What you return should be the full listing, word for word, without a single image.
═════ INPUT DATA ═════
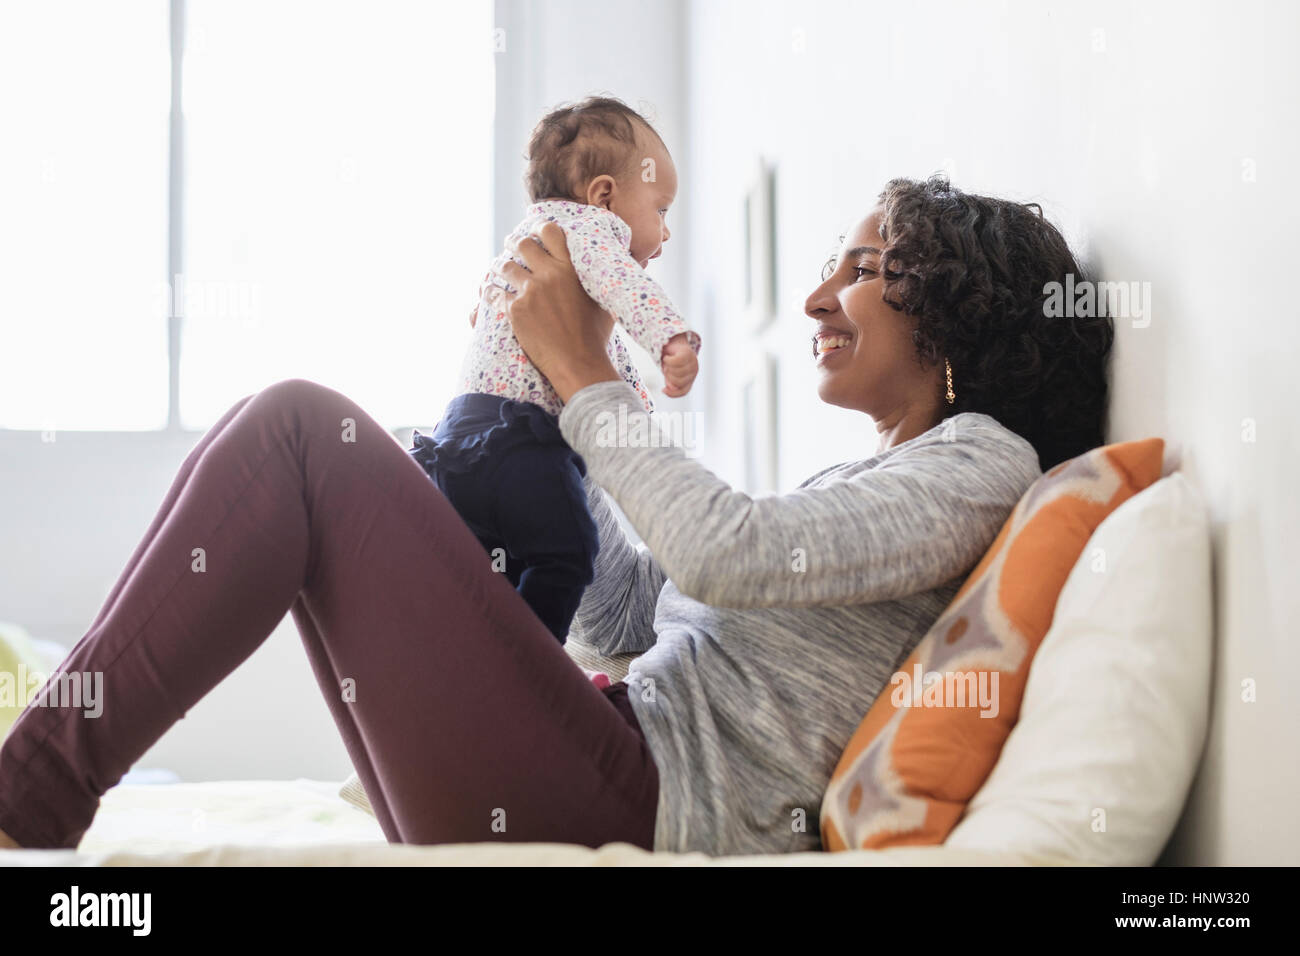 Hispanic mother playing with baby daughter on bed Stock Photo
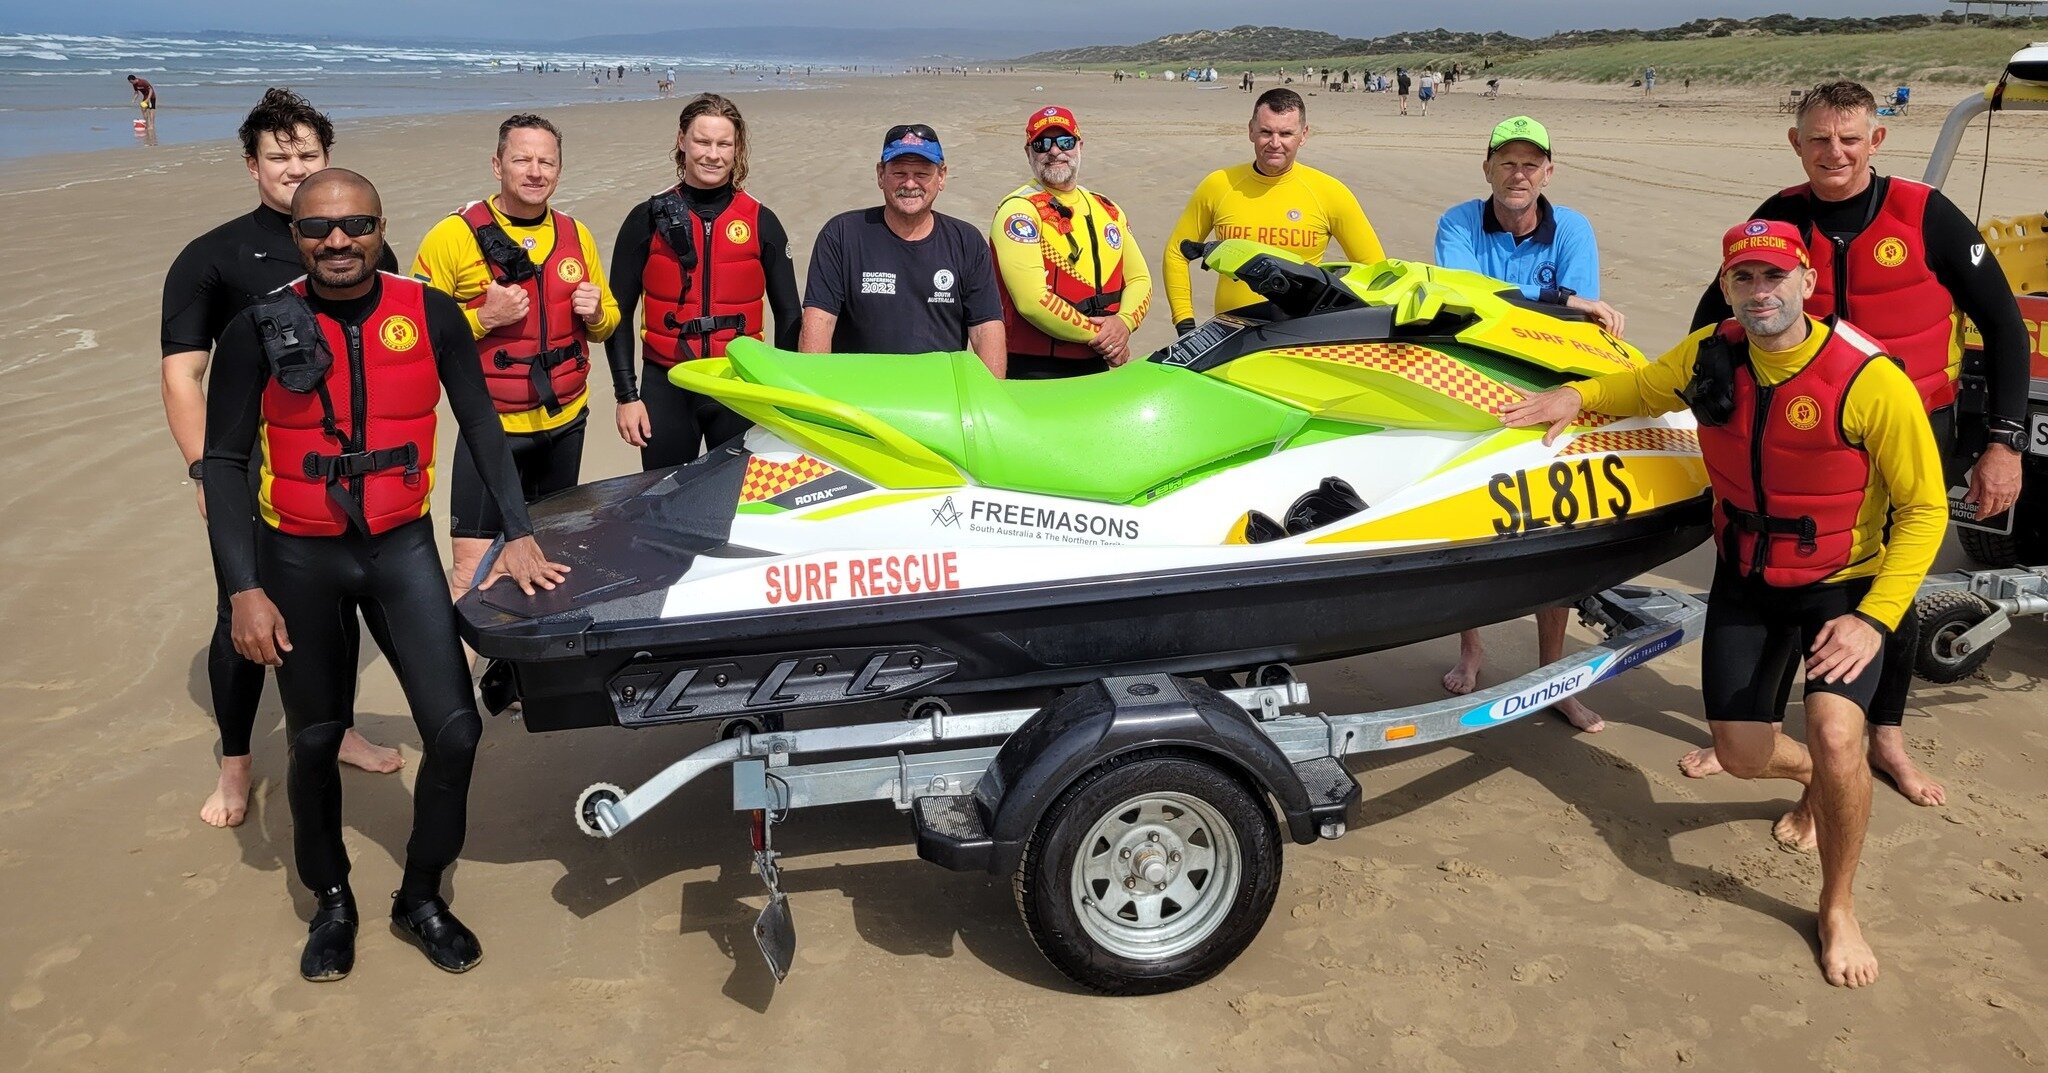 It was a big weekend for our Emergency Operations Group, with eight surf lifesavers completing their RWC assessment 👏

Congratulations to Jeff Mews, James Butler, Peter Christensen, Shayan Gunawardena, Arne Meyer, Eddy Newberry, Tommy Newberry and A
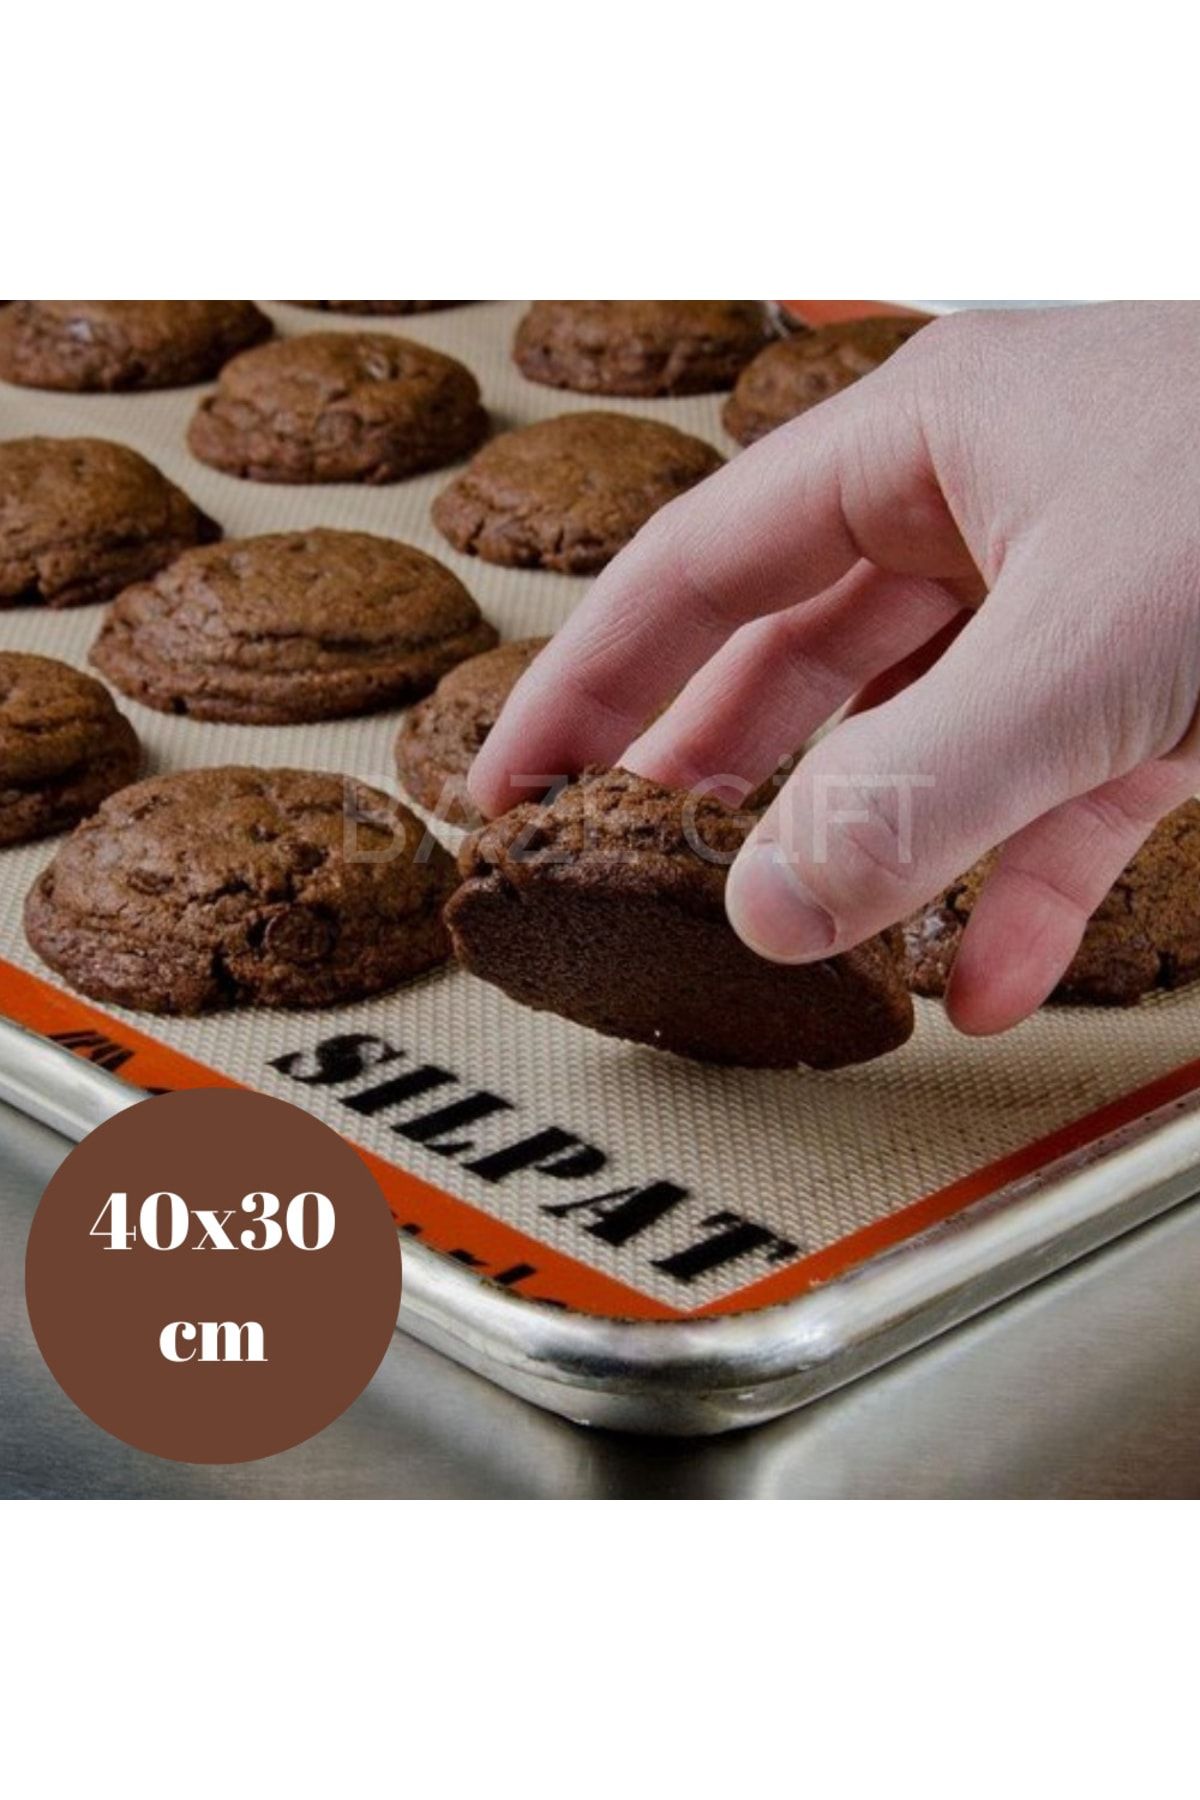 SILPAT COOKIE SIZE– Shop in the Kitchen
═════
**RESULT FOR THIS EXERCISE**
 Hispanic mother playing with baby daughter on bed Stock Photo
 It was a big weekend for our Emergency Operations Group, with eight surf lifesavers completing their RWC assessment 👏

Congratulations to Jeff Mews, James Butler, Peter Christensen, Shayan Gunawardena, Arne Meyer, Eddy Newberry, Tommy Newberry and A
 SILPAT COOKIE SIZE– Shop in the Kitchen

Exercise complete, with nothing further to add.